Deploy to Netlify and Configure Production Environment Variables
Deploy to Netlify and Configure Production Environment Variables
Testing in Bolt's WebContainer preview is useful for development, but you must deploy to confirm the integration works in production. During Bolt development, direct client-to-OpenAI calls may occasionally encounter CORS issues due to WebContainer's security headers — these problems disappear in deployment because API routes execute as true server-side functions outside the browser sandbox. To deploy via Netlify: connect your GitHub repository in Bolt's settings, push your code, then log into Netlify and add your environment variables in Site Settings → Environment Variables. Add OPENAI_API_KEY, OPENAI_MODEL, and OPENAI_MAX_TOKENS. For Vercel, add them in Project Settings → Environment Variables.
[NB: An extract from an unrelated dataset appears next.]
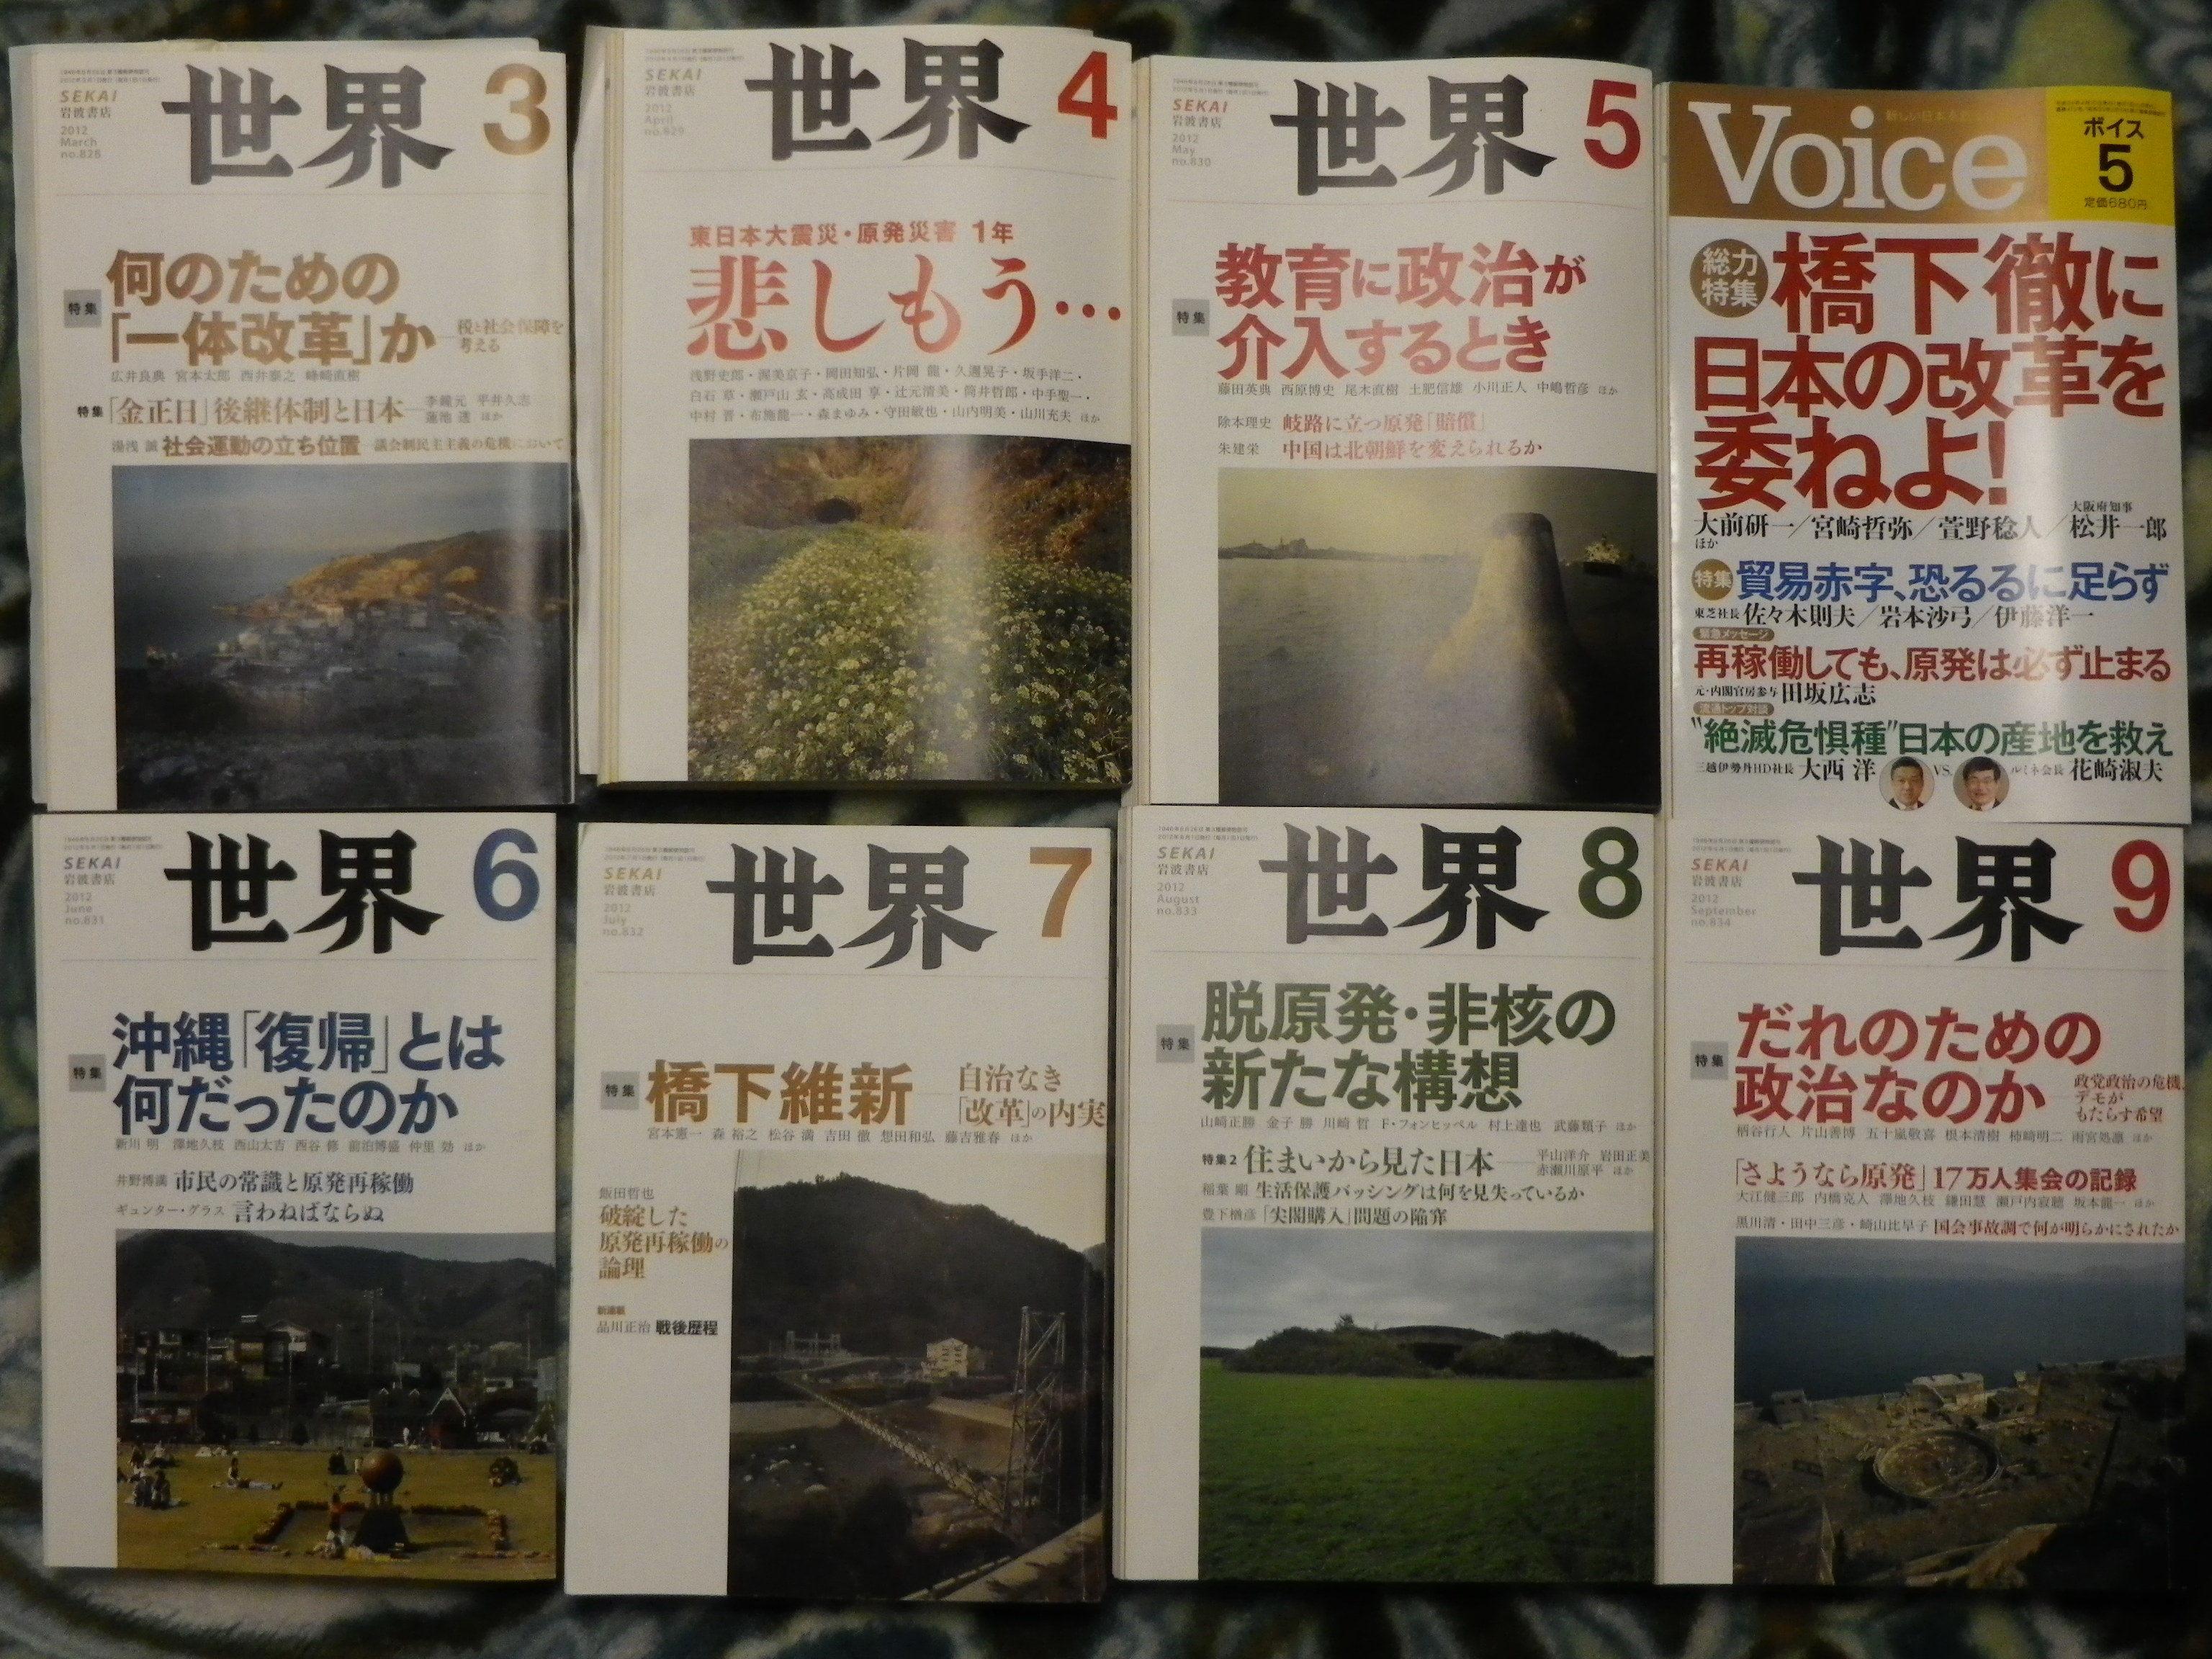 2012年の雑誌「世界」他。
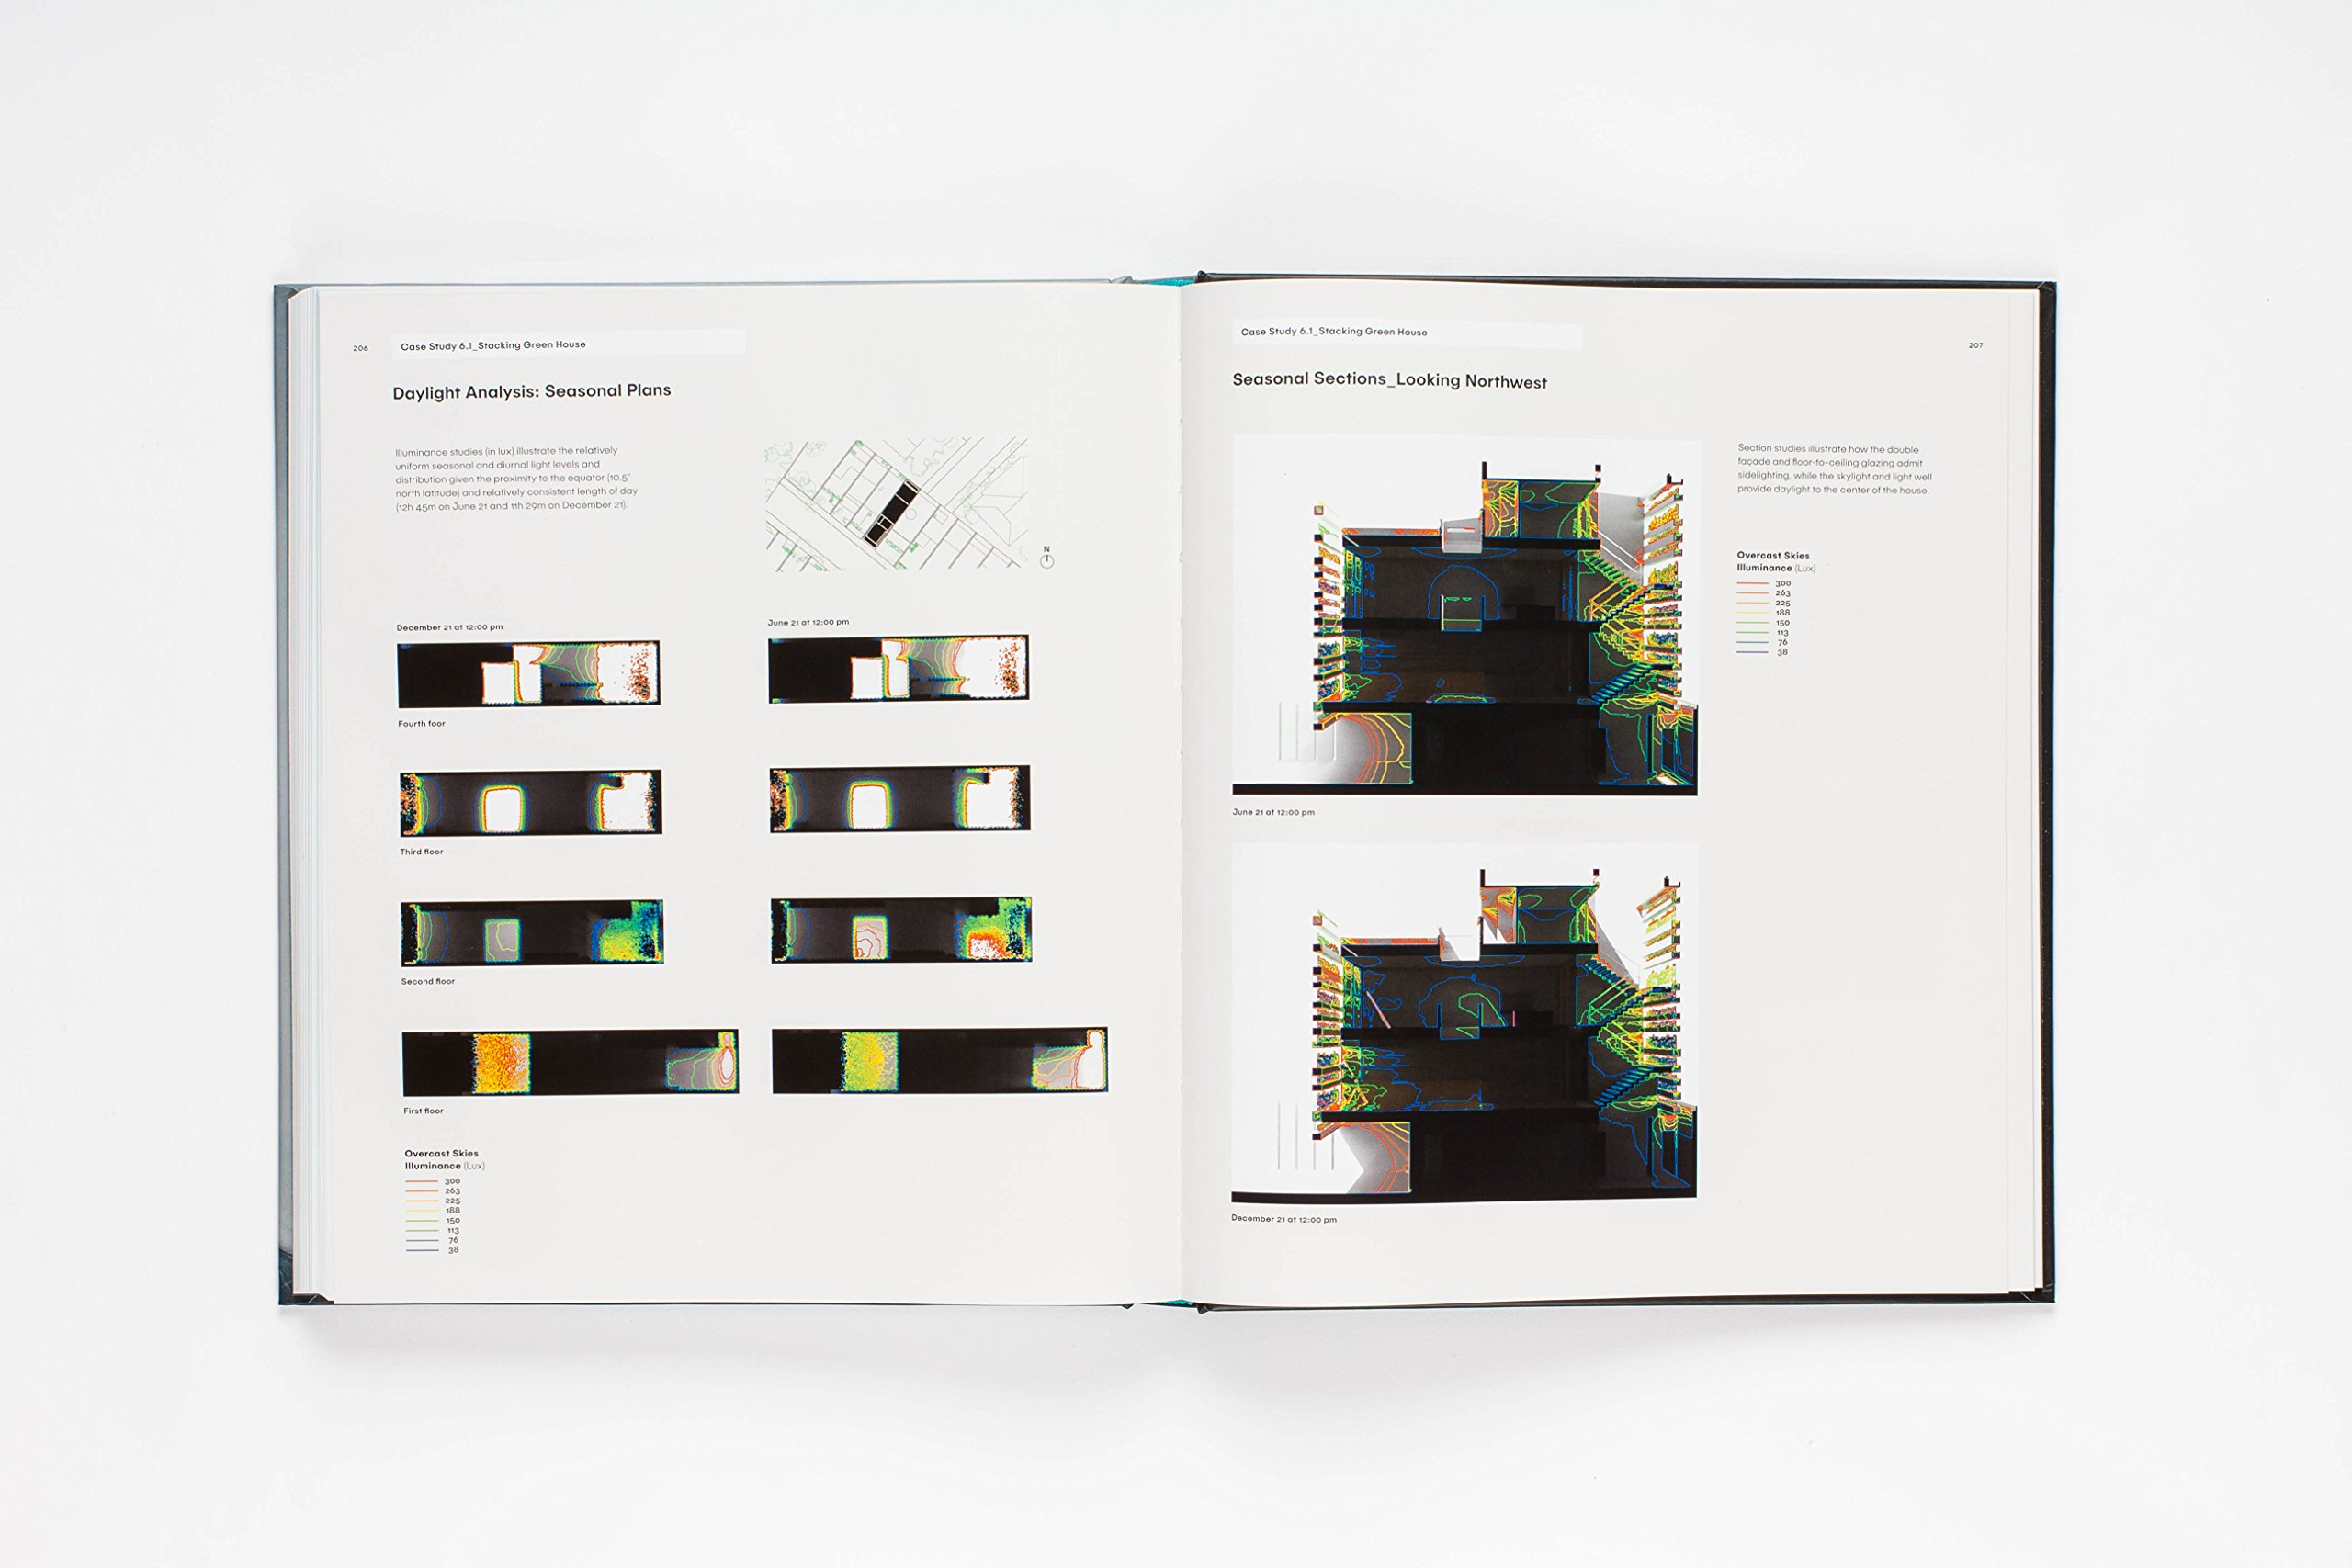 The Art of Architectural Daylighting: Mary Guzowski

Note that incoming webhooks from OpenAI (for features like Assistants API callback) cannot be received during WebContainer development — you need a deployed URL. For rate limit management in production, consider adding request debouncing in the chat component to prevent users from sending messages before the previous response completes.
Pro tip: Set OpenAI usage limits in the OpenAI dashboard under Settings → Limits to cap your monthly spending. A $10 or $20 monthly limit prevents unexpected bills from heavy usage.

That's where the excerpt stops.